You deserve to be with someone who confidently wants to be with you and who’s willing to put in the consistent effort to grow with you in this partnership.
Frequently Asked Questions
Why is my boyfriend acting different all of a sudden?
He may be stressed about things in other areas of his life, like work or family, that are occupying his mind. Your boyfriend might need time to reconsider his commitment towards this relationship or his mind is preoccupied with friend or family woes.
Why is he acting cold all of a sudden?
They’ll usually act cold when they are uncertain of their feelings or yours. Don’t be disheartened when you notice a sudden change in his disposition. Reassure him of your love so that he’ll feel more open to trust you.

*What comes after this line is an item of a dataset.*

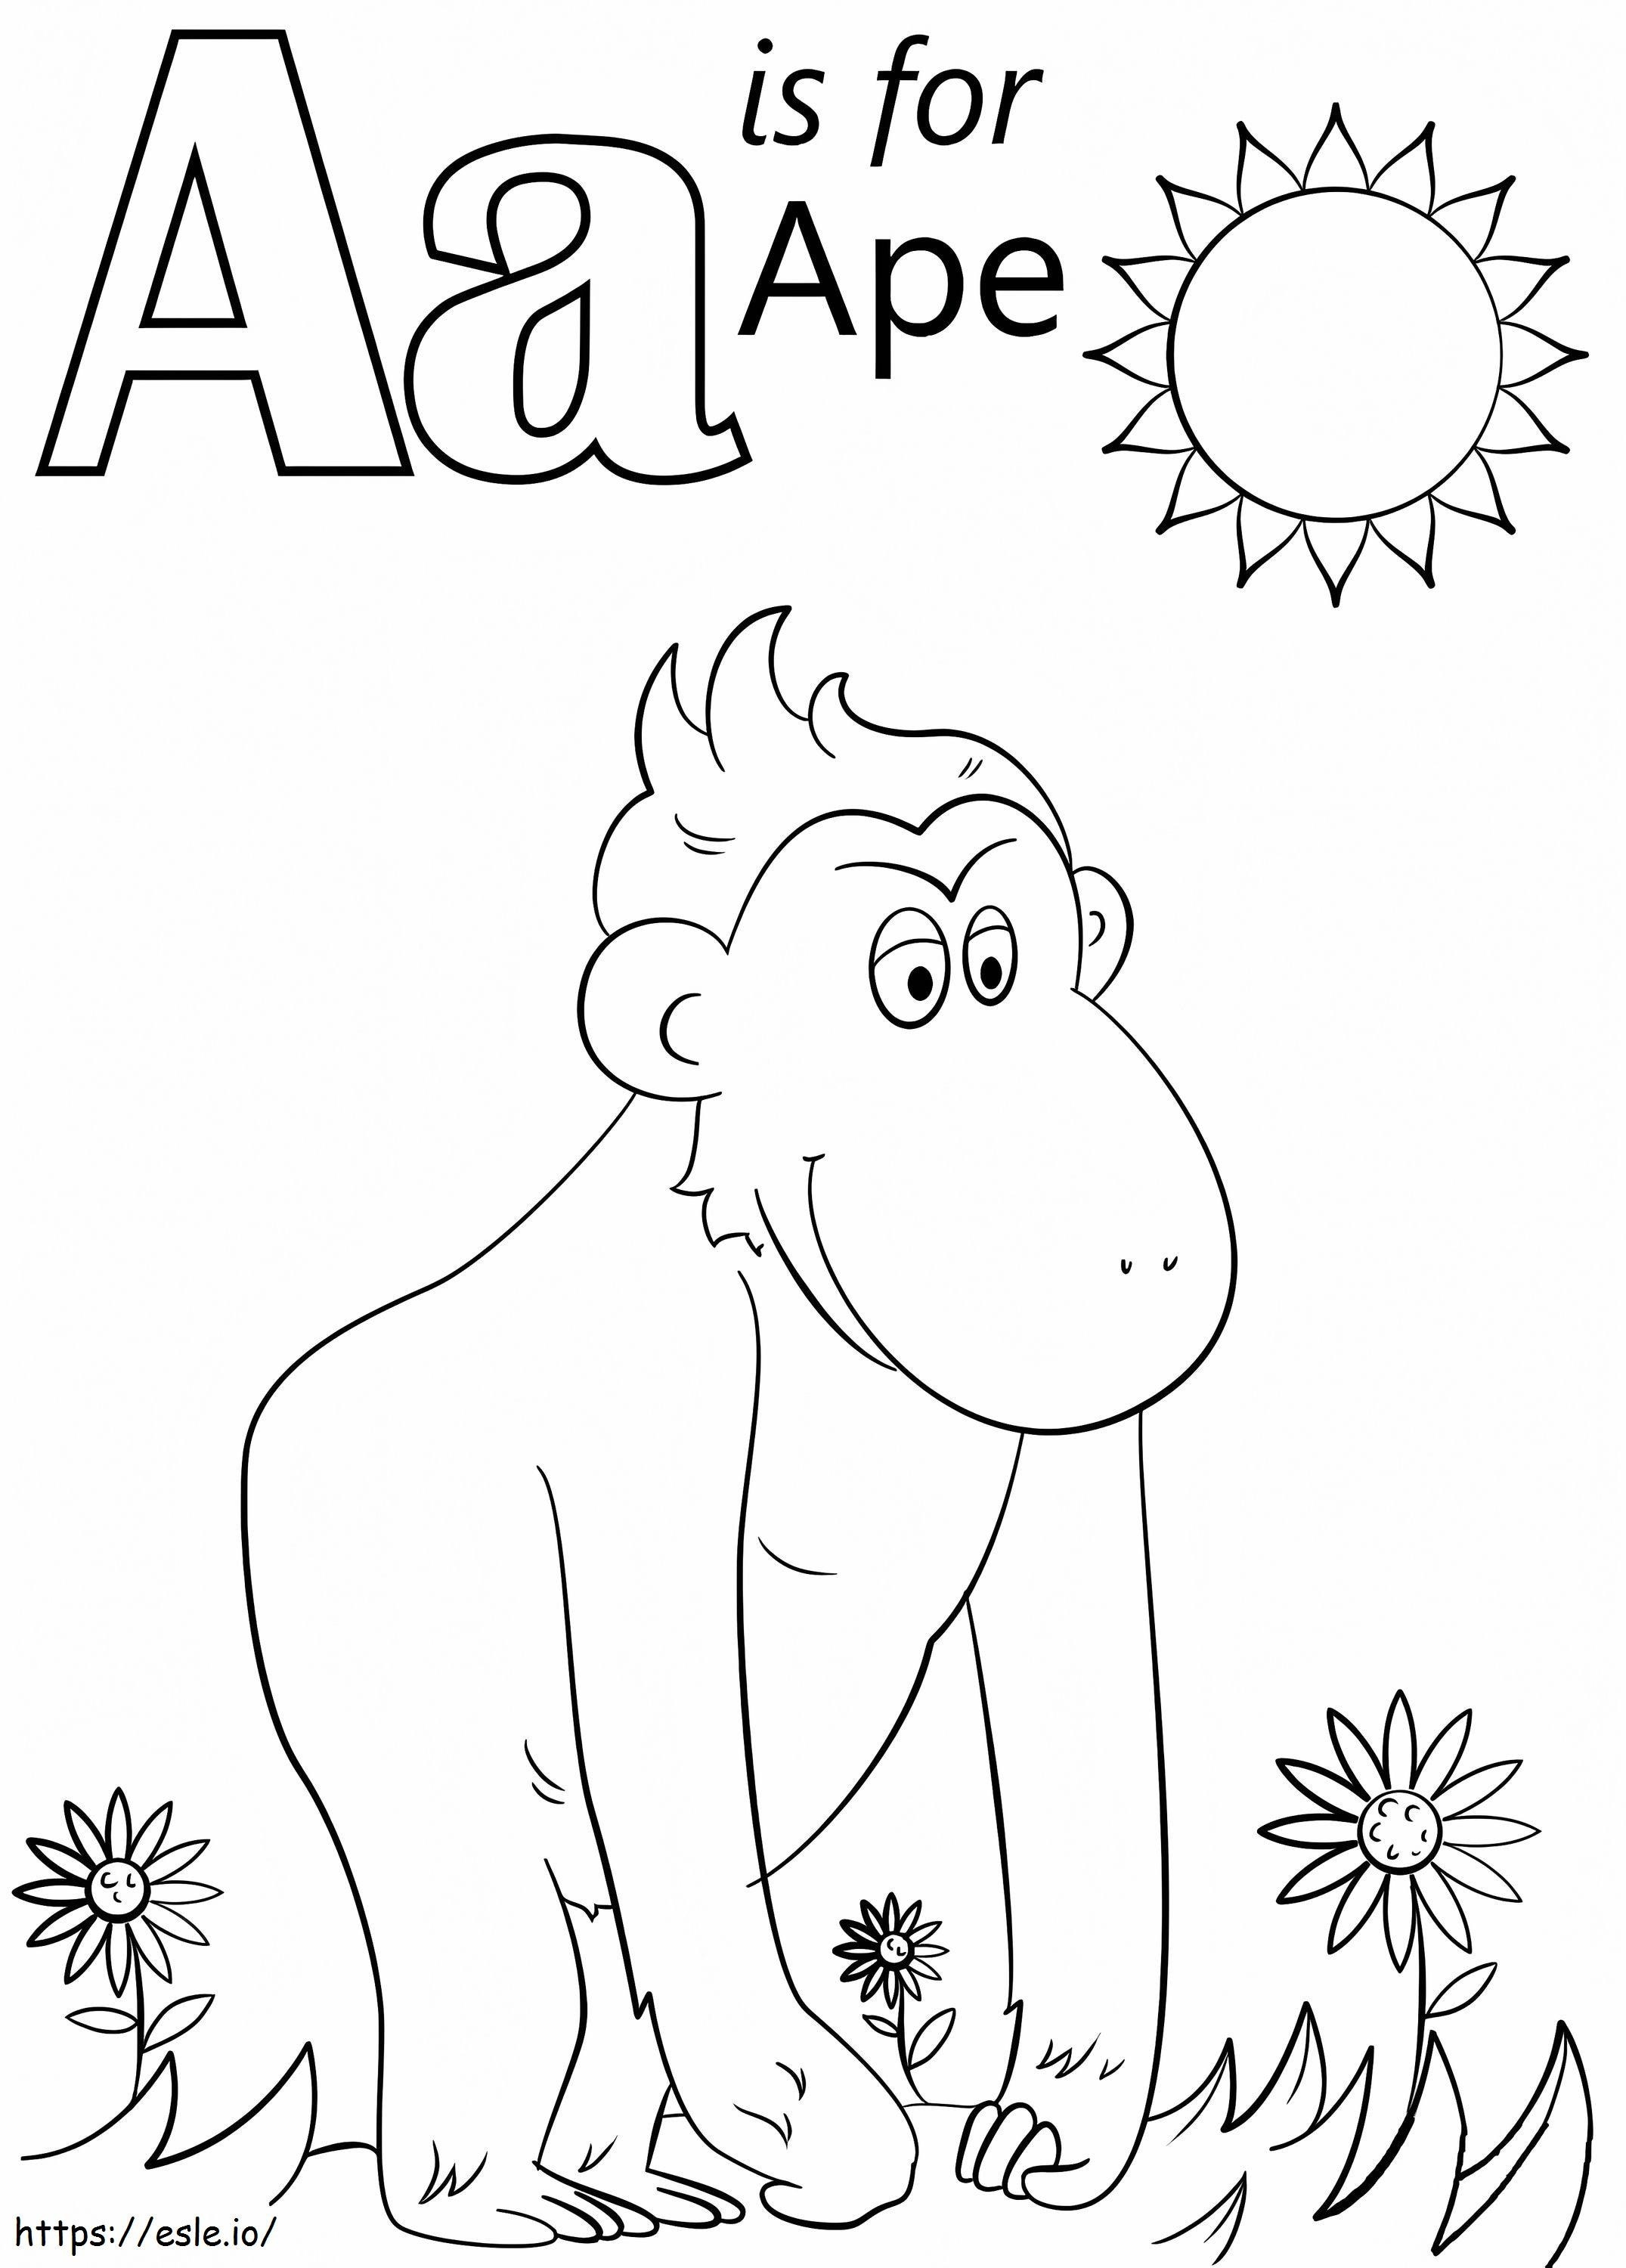 Ape Letter A coloring page

Else, you might need to reassess this relationship if it’s not reciprocated.
Conclusion
I know the idea of your boyfriend acting weird can conjure up some unpleasant feelings. However, I’m here to remind you that your thoughts are separate from your reality.
So take a step back, reflect on why you think your boyfriend is acting weird, and then have an open and honest discussion about it.
Having the conversation should give more clarity towards his behavior and help you decide how to proceed from there. All the best!